Exercise requirements:
Return the lines below exactly, please, from the one containing "3D Christmas Music" through the last one, both included, and leave out any pictures.

*** Opening of Data section ***

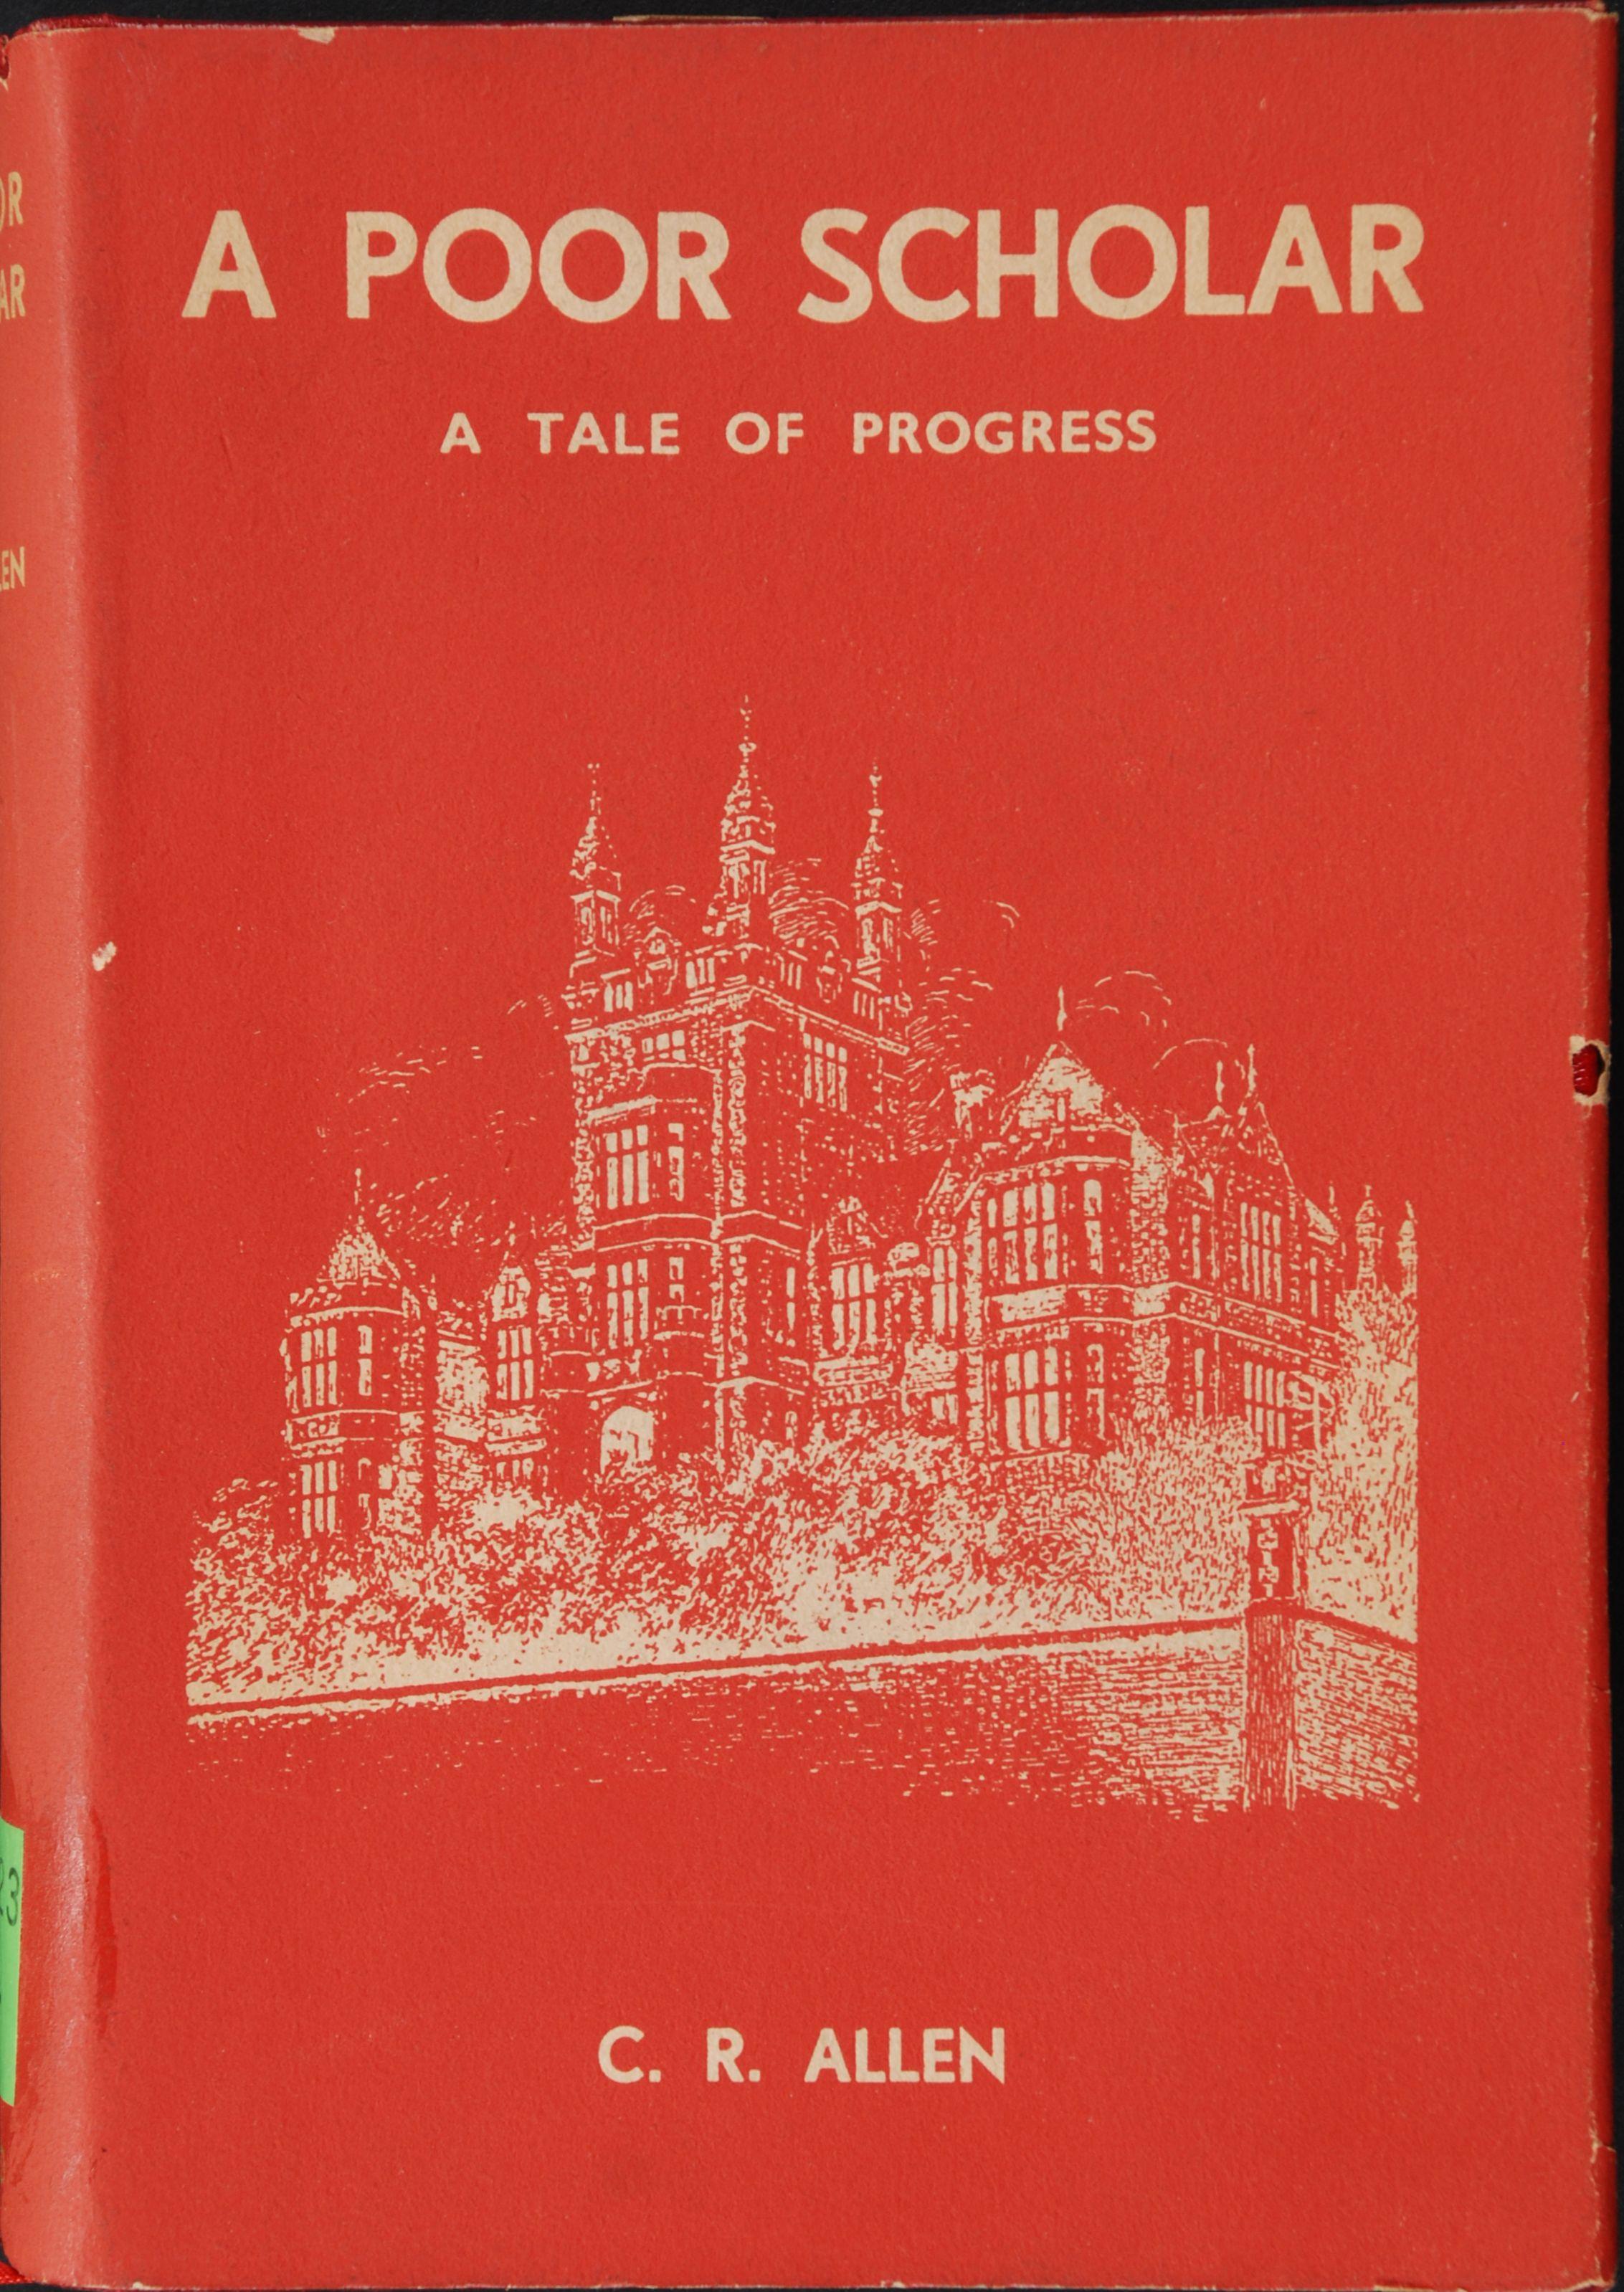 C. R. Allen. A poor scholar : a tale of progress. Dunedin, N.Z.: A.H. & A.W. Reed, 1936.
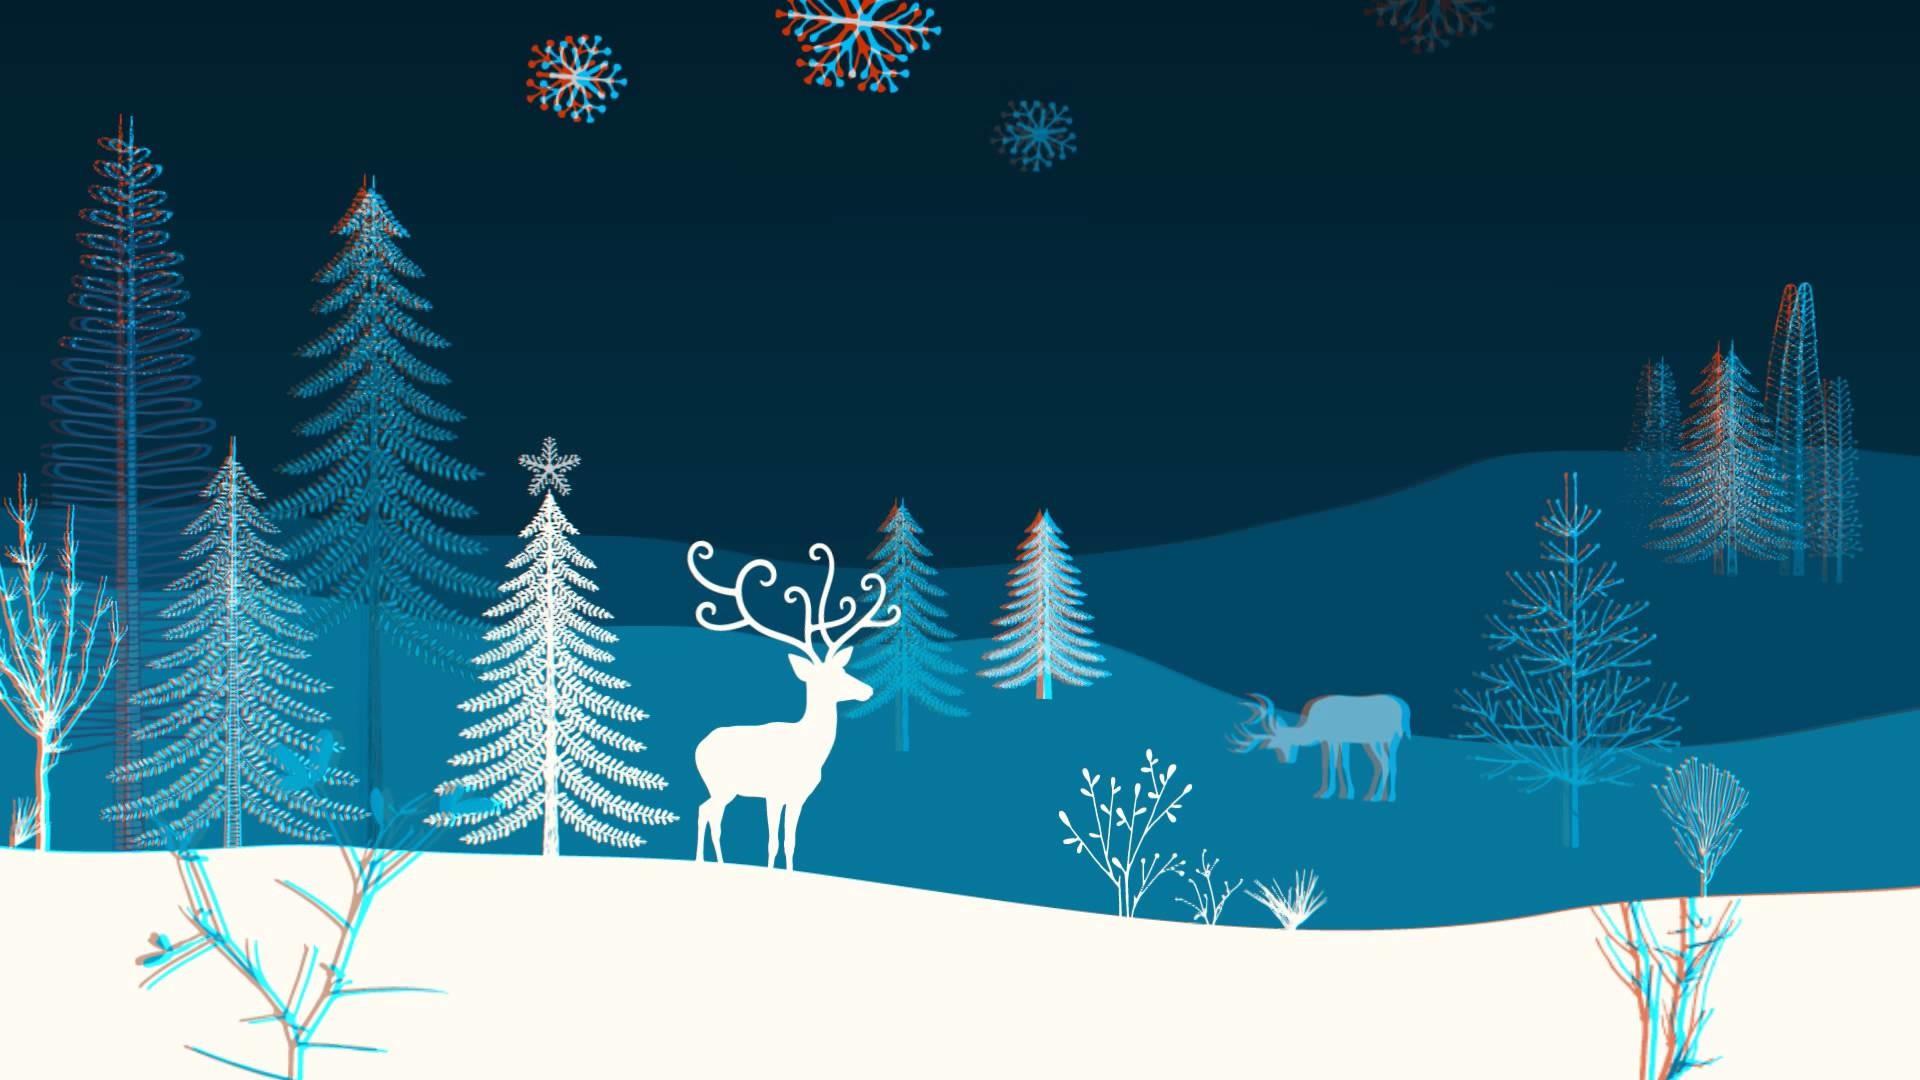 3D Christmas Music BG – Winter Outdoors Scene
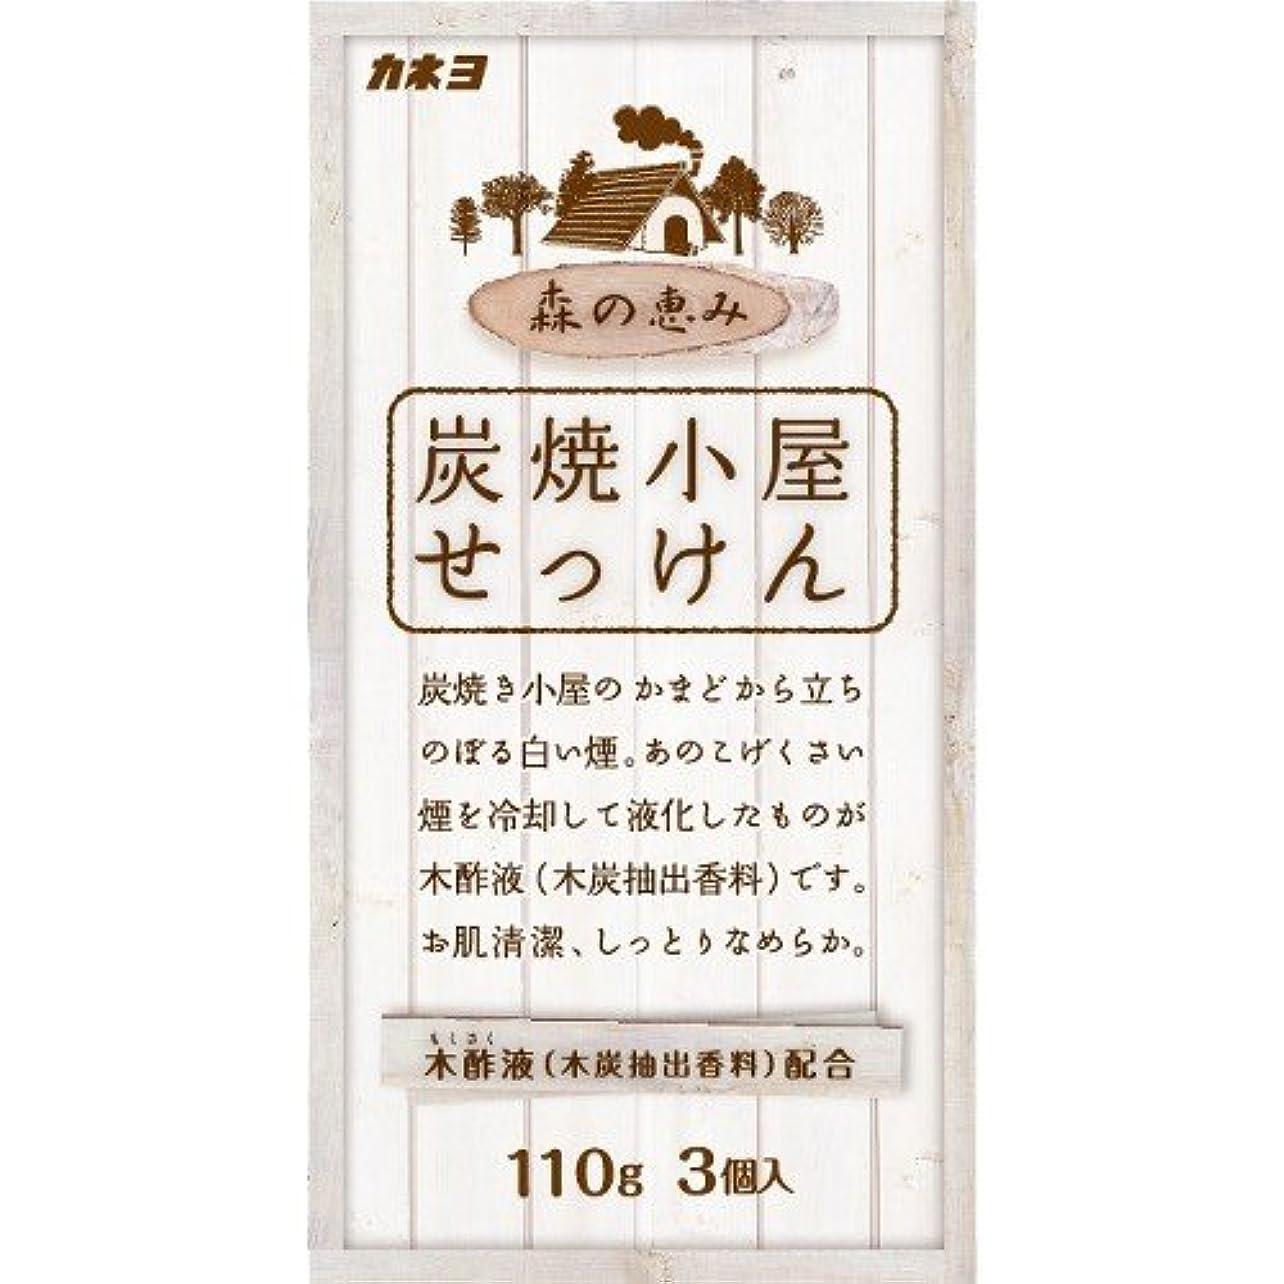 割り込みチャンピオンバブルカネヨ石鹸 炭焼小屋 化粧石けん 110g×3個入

*** Close of Data section ***

Response for this exercise:
 3D Christmas Music BG – Winter Outdoors Scene
 割り込みチャンピオンバブルカネヨ石鹸 炭焼小屋 化粧石けん 110g×3個入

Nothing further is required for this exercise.